Missing analysis. From Table 4, we can see that the model's performance is quite sensitive to the used backbone (more than 10% between Rsenet50 and ConvNext. However, the authors didn't give explanation. Besides, the proposed model uses six loss terms in total for both flow estimation and content learning. I am wondering how to decide the trade-offs and if they would affect the final results.

In Table 4 we compare 3 backbones, PWC-Net, ResNet-50 and ConvNeXt-T. For flow estimation all these backbones perform similarly. However, for semantic content learning, PWC-Net, which is a very shallow network specialized for flow estimation, and it therefore does not perform well on segmentation downstream tasks. The gap in performance between ResNet-50 and ConvNeXt-T is not something specific to this paper, and is observed even in supervised learning on ImageNet. ConvNeXt is an architecture that was designed to perform as good as modern vision transformers and it is not surprising to see such gaps for segmentation tasks. We indeed choose ConvNeXt over ResNet from the beginning for this specific reason.
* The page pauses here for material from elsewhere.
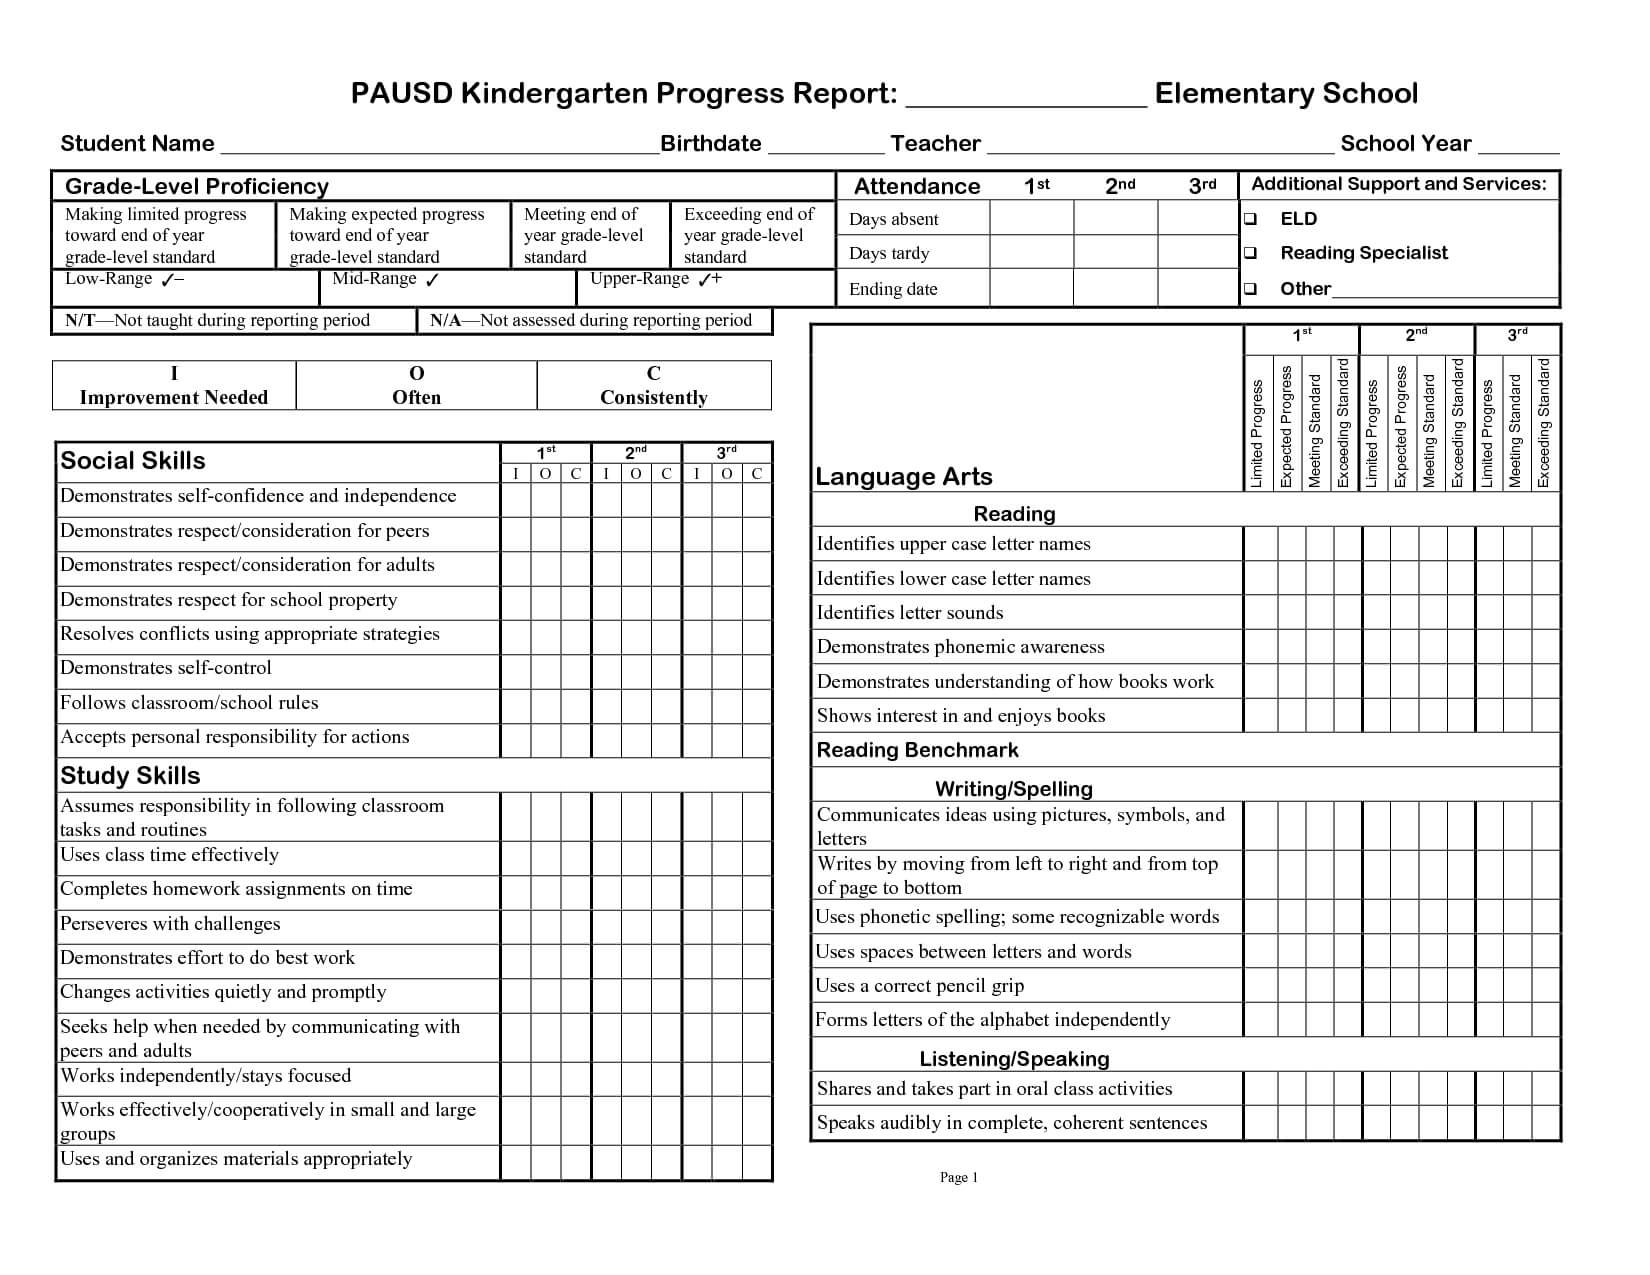 Kindergarten Social Skills Progress Report Blank Templates Intended For High School Progress Report Template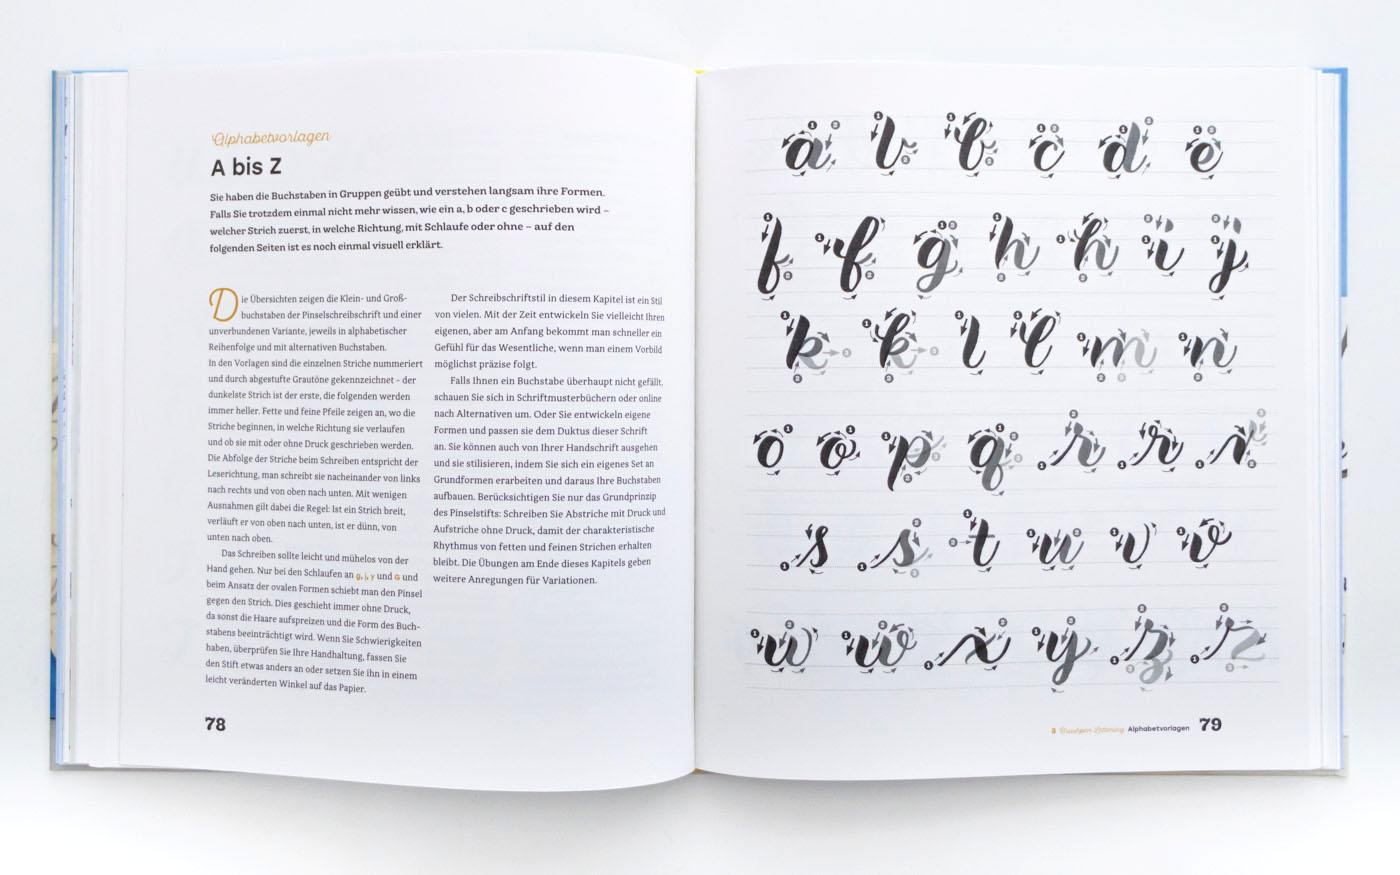 Campe_Handbuch-Handlettering_978-3-258-60165-6_-13.jpg

We refer to the explanation we gave to reviewer q59r on how we tune the coefficients of our losses.

审稿意见
6

This paper proposes a self-supervised approach, MC-JEPA, which uses a shared encoder to learn optical flow and content features. The proposed approach achieves good performance on optical flow estimation and images and videos segmentation.

优点

This paper presents a valuable and novel insight: self-supervised learning of optical flow estimation and content features can be effectively unified within a single architecture under a multi-task setting. MC-JEPA not only learns motion features from multiple video datasets but also learns content features from large-scale image datasets. This dual-focus approach shows excellent performance across multiple evaluation benchmarks, demonstrating strong generalization capabilities that can be applied to a variety of downstream tasks, from motion prediction to content understanding.

缺点

The writing of the paper needs to further improve. The captions of the figures and tables are too detailed. It is better to condence the captions.

问题

  1. In multi-task learning, how are the weights for different loss functions chosen and adjusted? Will adjusting coefficients for the six different loss functions for each task introduce a significant tuning cost during training? Would it be possible to draw comparisons between this tuning approach and other methodologies in the field of multi-task learning?

2.Although some experiments have already been conducted to demonstrate improvements in Optical Flow Estimation, Image Segmentation, and Video Segmentation, additional experiments could be included to further validate the effectiveness of the proposed methods. For example, more experiments on video object segmentation (YoutubeVOS), video semantic segmentation, video panoptic segmentation(Cityscapes-VPS ,VIPSeg ).

  1. What's the motivation of the multi-task learning ? Learning optical flow seems to be a low level visual understanding, why it benefits semantic segmentation?
评论

Thank you for your comments and useful feedback. We address your concerns below:

The writing of the paper needs to further improve. The captions of the figures and tables are too detailed. It is better to condense the captions.

The objective was to have self-contained captions, which could be fully understood without diving into the main text. We will change the approach and simplify the captions.

In multi-task learning, how are the weights for different loss functions chosen and adjusted? Will adjusting coefficients for the six different loss functions for each task introduce a significant tuning cost during training? Would it be possible to draw comparisons between this tuning approach and other methodologies in the field of multi-task learning?

We refer to the explanation from reviewer q59r on how we tune the coefficients of our losses. Our approach is simple and does not require a lot of tuning.

2.Although some experiments have already been conducted to demonstrate improvements in Optical Flow Estimation, Image Segmentation, and Video Segmentation, additional experiments could be included to further validate the effectiveness of the proposed methods. For example, more experiments on video object segmentation (YoutubeVOS), video semantic segmentation, video panoptic segmentation(Cityscapes-VPS ,VIPSeg ).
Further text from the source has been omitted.